Wanted to make a separate more detailed post of my previous post item about how the order of things may greatly influence the time performance of code.
There is an app which reads a large text file to find out how many unique words it has. The app also reports on the top 100 unique words in the file, and the count of them.
One file had 2 735 307 words, of which unique were 99 130.
Since the programmer was clever, s/he used a binary search tree to do the job of keeping book of the unique words. Then it transferred the job to a table to sort the words in order of frequency to print out the top-100 list.

When measuring the time performance of the app to handle this one file, the app reported that it could do the job in 2.550396 seconds*).

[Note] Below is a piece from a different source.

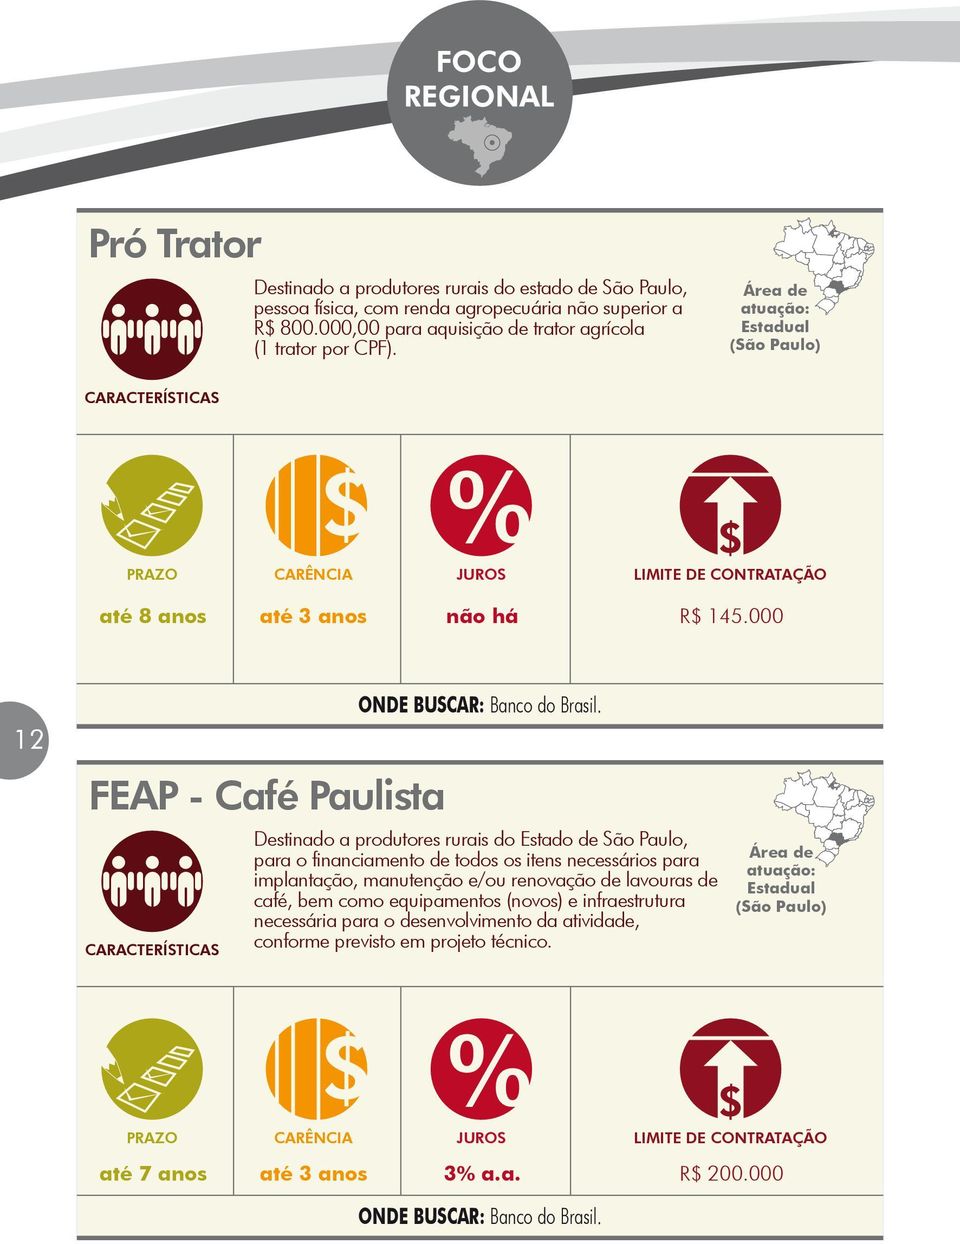 Destinado a produtores rurais do Estado de São Paulo, para o financiamento de todos os itens necessários para implantação, manutenção e/ou renovação de lavouras de café,
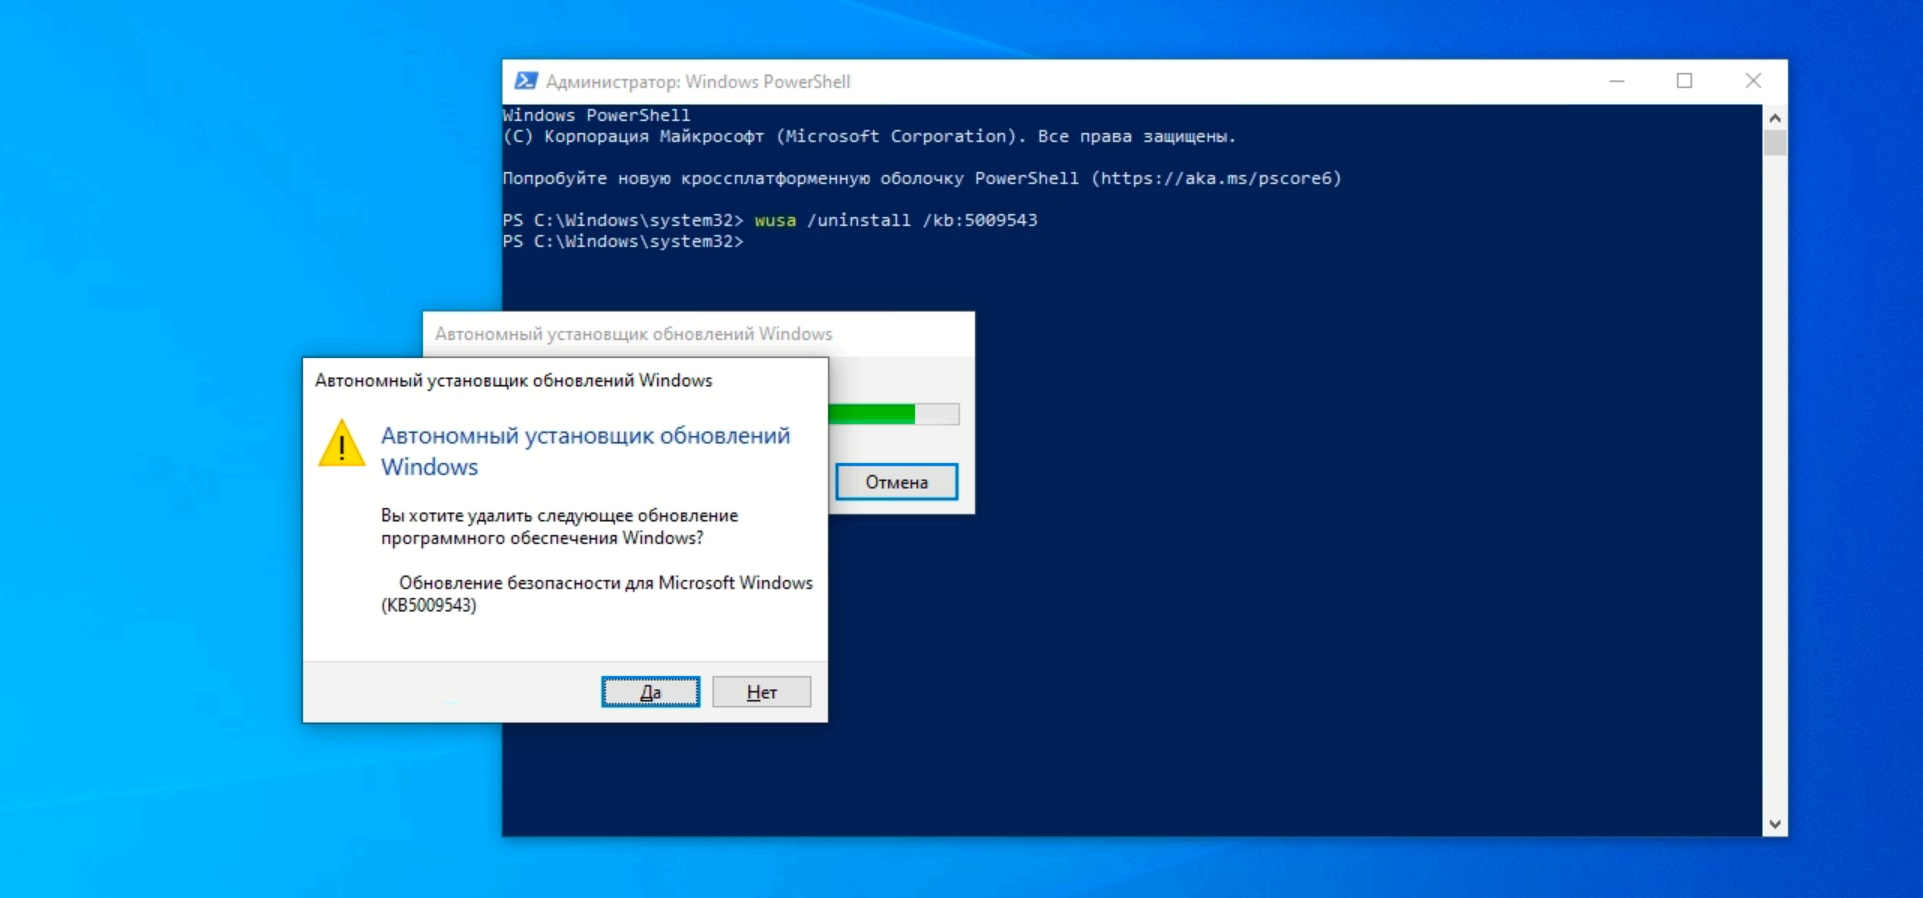 Удаление обновлений с помощью PowerShell в Windows 10

When looking at the code inserting the word to the tree (above) closely, one can see that a node is allocated and then free’d even when the word is already in the tree, without anything useful done with the newnode. The node is needed only when the word is not already in the tree.
So, why not move the allocation of the node after the loop, when the node is actually needed:

This small, some may say a pedantic change, took off 30% of the execution time of the whole app, when handling that same file mentioned above. After this change, the execution time of the app dropped down to 1.867050 seconds. Repeated runs produced similar timings for both solutions.
Allocating from the heap, done repeatedly, is slow.
*) Measurements done on Apple Mac Mini M1 2020, 16Gb RAM, 8 cores, 1 Tb SSD.